Upcrossing Lemma (Doob)

Let ${X_n, \mathcal{F}n}{n\ge 0}$ be a submartingale.
Fix $a < b$.

Define a sequence of stopping times:

$T_0 = 1$
$T_{2k-1} = \inf{n > T_{2k-2} : X_n \le a}$, for $k \ge 1$
$T_{2k} = \inf{n > T_{2k-1} : X_n \ge b}$

The number of upcrossings of $[a,b]$ before time $n$ is: $U_n^{a,b} = \sup\{k : T_{2k} \le n\}.$

Upcrossing Bound

$(b-a)\,E[U_n^{a,b}] \le E[(X_n-a)^+] - E[(X_0-a)^+] \le E[X_n^+] + |a|.$

(See diagram in notes illustrating two upcrossings.)

Doob’s Inequality (Submartingale)

If ${X_n}$ is a submartingale, then for any $\lambda > 0$, $\lambda\, P\left(\sup_{k\le n} X_k \ge \lambda\right) \le E[X_n^+].$

A sketch of the proof uses the upcrossing lemma and predictable processes.

Predictable Process $H_m$

Define: $H_m = \sum_{k\ge 1} \left( \mathbf{1}_{\{T_{2k}\ge m\}} - \mathbf{1}_{\{T_{2k-1} > m\}} \right).$

$H_m$ is measurable with respect to $\mathcal{F}_{m-1}$.
Therefore $H_m$ is predictable.

Using integration-by-parts for discrete stochastic integrals: $(b-a) U_n^{a,b} \le (H\cdot X)_n.$

Issue With Downcrossings

If we downward-cross, we “re-enter the market”.
Fix with truncated process: $Y_k = a + (X_k - a)^+ = \begin{cases} X_k, & X_k > a,\\ a, & X_k \le a. \end{cases}$

Then:

$ {Y_k} $ is also a submartingale.
Upcrossings of $X$ correspond to modified upcrossings of $Y$.
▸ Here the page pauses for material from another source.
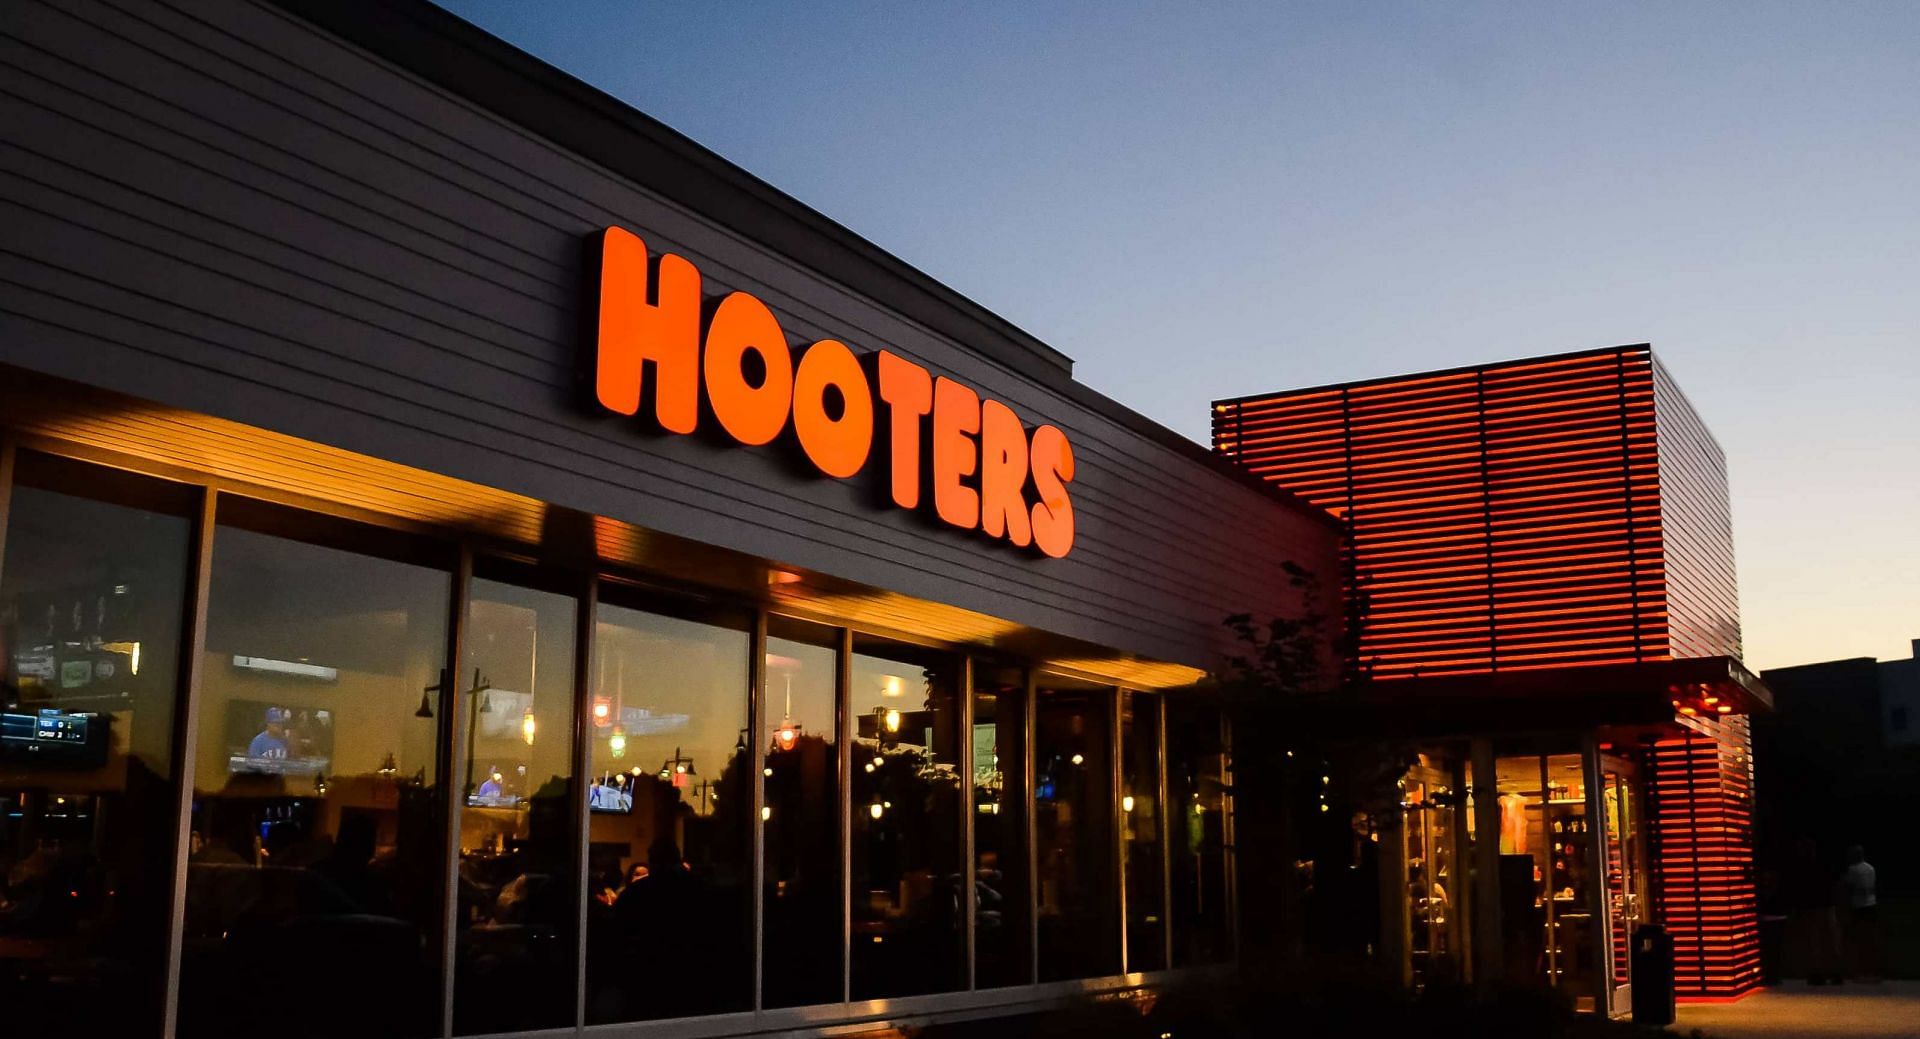 Hooters has landed in hot waters after launching new uniforms for female employees (Image via Hooters)

Thus, $(b-a) U_n^{a,b}(X) \le (H \cdot Y)_n.$

Define $K_m = 1 - H_m$.
Then: $(H\cdot Y)_n + (K\cdot Y)_n = Y_n - Y_0.$ $E[(K\cdot Y)_n] \ge 0,\qquad (K\cdot Y)_0=0.$

Thus, $(b-a) E[U_n^{a,b}] \le E[Y_n - Y_0].$

Martingale Convergence Theorem (MGCT)

Let ${X_n,\mathcal{F}_n}$ be a submartingale.
Assume: $\sup_n E[X_n^+] < \infty.$

Then:

$X_n \to X$ a.s.
$E X < \infty$.

Example 1 — Simple Symmetric Random Walk

Let $S_n = \sum_{k=1}^n \varepsilon_k, \qquad P(\varepsilon_k = \pm 1)=1/2, \qquad S_0 = 0.$

Let $T = \inf\{n : S_n = 1\}.$

The stopped process ${S_{T \wedge n}}$ is a submartingale and $\sup_n E[(S_{T\wedge n})^+] \le 1.$

Thus, by MGCT: $S_{T\wedge n} \xrightarrow{a.s.} S_T = 1, \qquad P(T < \infty) = 1.$

But: $E(S_{T\wedge n}) = 0 \quad\forall n, \qquad E(S_T) = 1.$

So ${S_{T\wedge n}}$ is not uniformly integrable (UI).

Example 2 — Exponential Martingale

Let $Z_k$ i.i.d. $N(0,1)$.
Define: $S_n = \sum_{k=1}^n Z_k, \qquad Y_n = e^{S_n - \frac{n}{2}}.$

Using the mgf of the normal: $E[e^{Z_1}] = e^{1/2}.$

Compute: $E[Y_n|\mathcal{F}_{n-1}] = Y_{n-1} E[e^{Z_n - 1/2}] = Y_{n-1}.$

Thus ${Y_n}$ is a nonnegative martingale.

By MGCT: $Y_n \to Y$ a.s.
Since $E(Y_n)=1$, the limit satisfies $E(Y)=1$.

But: $Y_n = e^{S_n - n/2} = e^{n\left(\frac{S_n}{n} - \frac12\right)}.$

By the Strong Law of Large Numbers: $\frac{S_n}{n} \to 0 \quad a.s.$

Hence: $Y_n = e^{-n/2 + o(n)} \to 0 \quad a.s.$

Thus: $Y = 0 \quad \text{a.s.}$ but $E(Y)=1.$

Conclusion: ${Y_n}$ is not uniformly integrable.

Summary

The upcrossing lemma provides control over oscillations of a submartingale.
Doob’s inequality links the supremum of a submartingale to its terminal value.
MGCT guarantees almost sure convergence under a mild integrability condition.
However, without uniform integrability, expectation may not pass to the limit.